Acaba un año duro, durísimo. Los gurús y los oráculos de la economía vaticinan que el que le sigue será peor. Vamos a tocar fondo, si no estamos ya pegados a él, como los chicles que se quedan en las aceras por toda la eternidad, pisados hasta la saciedad y adquieren ese tono oscuro. Una imagen arrastrada ¿no?

A menudo tengo la sensación que tenemos eso tan presente que vivimos a medias, con una alegría contenida, por si acaso, presas de un pánico atroz que nos impide inspirar a fondo y apurar la vida. Nos asusta ser felices porque es más fácil acomodarse en la mediocridad y buscar excusas, ser víctimas de una crisis voraz que nos está dejando aturdidos como corderos que esperan para ser degollados con una mirada triste pero apacible. Hacemos cada día las mismas cosas con los mismos itinerarios para no romper el frágil equilibrio establecido entre la dicha y la vida que nos hemos acostumbrado a consumir. No queremos fatigar ni cabrear a los dioses con una carcajada de más o un salto de entusiasmo no medido. Mejor ser gris que correr riesgo. Mejor una vida de contención que un instante de felicidad suprema para luego… luego, ¿qué viene luego? El abismo, la nada, lo incierto. Ese lugar de dudosa credibilidad. Nadie ha regresado de la felicidad para contarlo.

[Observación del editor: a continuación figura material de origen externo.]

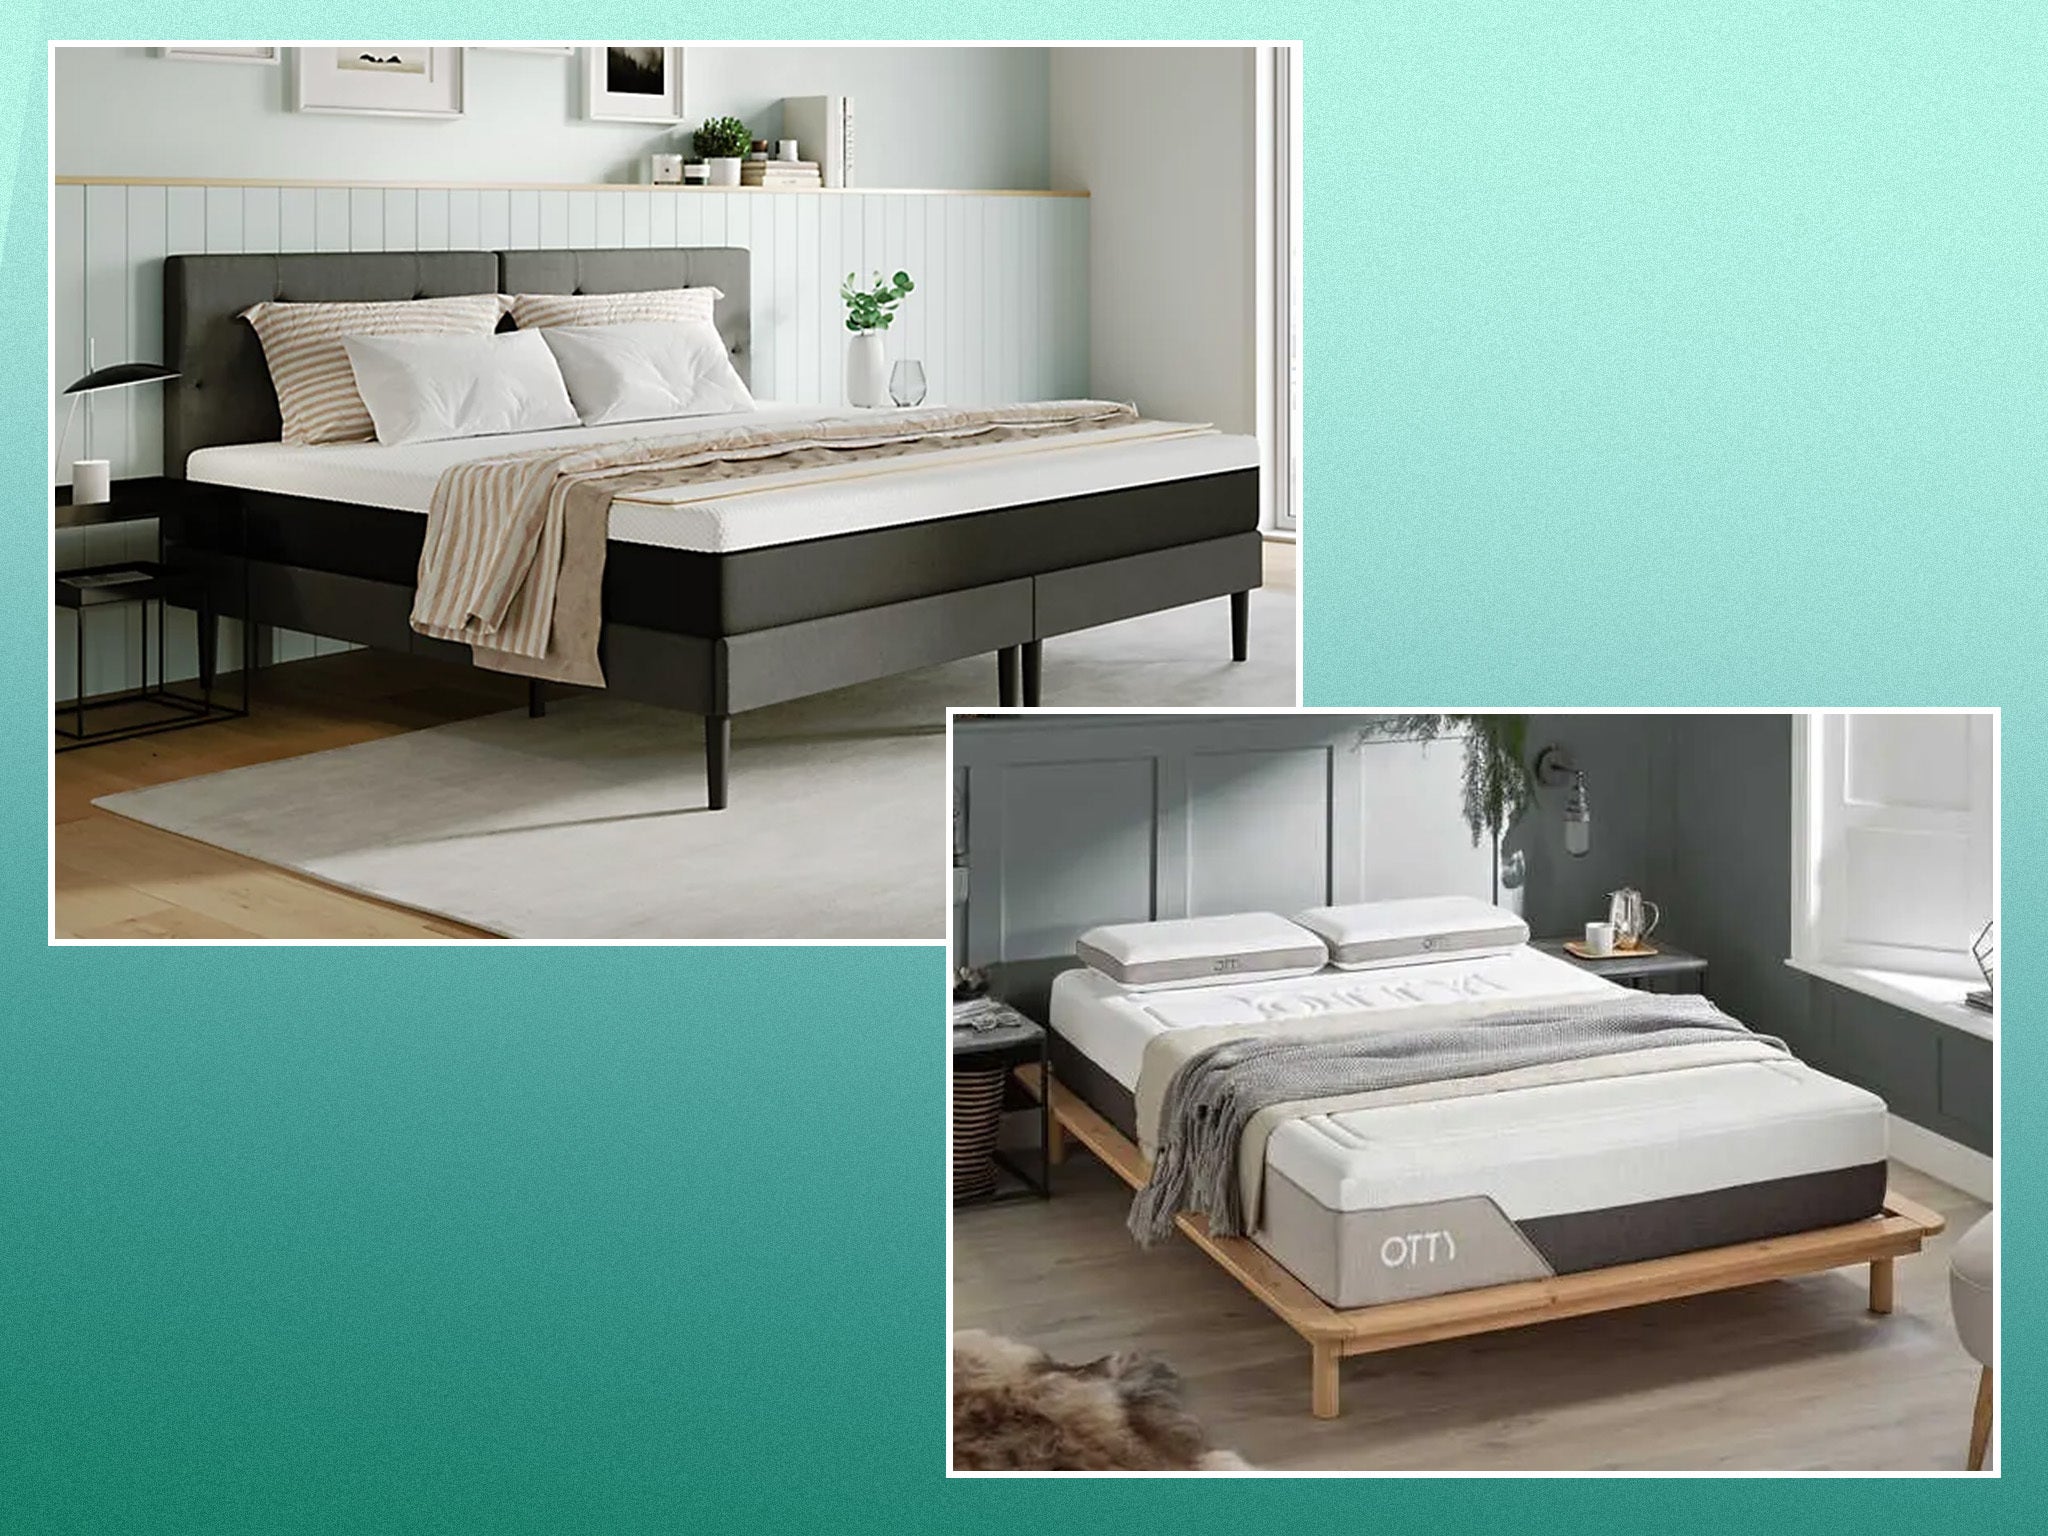 The cheap mattress deals to pick up in the June sales, from double to king size

Tal vez, no haya nada; una estación sin trenes o una calle repleta de chicles pegados y ennegrecidos.

Esa zona de confort que está entre la desgracia y el júbilo es grata para vivir. Es cómoda, básica; es la marca blanca de nuestra vida. Supone pocos riesgos y ningún sobresalto. La crisis lo puede todo. Es omnipresente, omnívora, omnipotente… Nos gobierna, nos dice qué buscar, qué soñar, qué comer. Nos restringe el entusiasmo y los credos. Nos anula las ilusiones y nos aniquila el alma. A muchos les ha llevado a lodo pero… si con nosotros aún no lo ha hecho del todo, no tentemos la suerte… no alcemos la voz y no nos metamos en aventuras nuevas ni creamos que podemos… ser distintos y salir de ella airosos.

Así de fácil y doloroso al mismo tiempo.¡Qué gran excusa la crisis para permanecer aletargados! Sería cómoda esta crisis sino fuera porque en el fondo, nuestro yo más libre no se rinde. No quiere callar y asentir ante todo. Se rebela. Le salen sarpullidos con pensar en quedarse quieto esperando a ser devorado por la sustancia gris que lo envuelve todo y adormece el ánimo. Se vuelve loco por gritar y derrochar ilusión y risa, mucha risa oculta en una cara agria y cansada. Piensa que puede, que debe, que sabe cómo cambiarlo todo. Está convencido de que puede sumar con muchos otros yos libres para no temer a la risa y devorar la vida con ganas. Muchos yos con ganas de jugársela pueden acabar con el asco colectivo y cambiarlo todo, pueden reescribir la historia…

Mi yo libre oye que el 2012 va a ser peor y piensa cómo buscar la forma de cambiarlo, de no sucumbir al pánico, de decir no. Y no es ni inconsciente ni inmaduro, es un yo que sabe que hay que correr ciertos riesgos y vivir apurando, disfrutando de todo. Es el yo que ama desesperadamente y no teme equivocarse porque sabe que las grandes enseñanzas están a menudo ocultas tras grandes y pequeños errores. Es el yo que empieza las carreras por el placer de superarse sabiendo que no va a ganar. Y luego va y gana. No una medalla, una satisfacción. Es el yo que cree en si mismo.

Es el yo que cree que la felicidad es un estado anímico y que más allá de ella hay aún más si sabes reconocerla. Sí, es un lugar más complicado, donde se exigen más esfuerzos y compromiso pero la recompensa es mayor, siempre.

Un yo feliz de existir.

No nos podemos permitir vivir a medias. Devoremos la vida.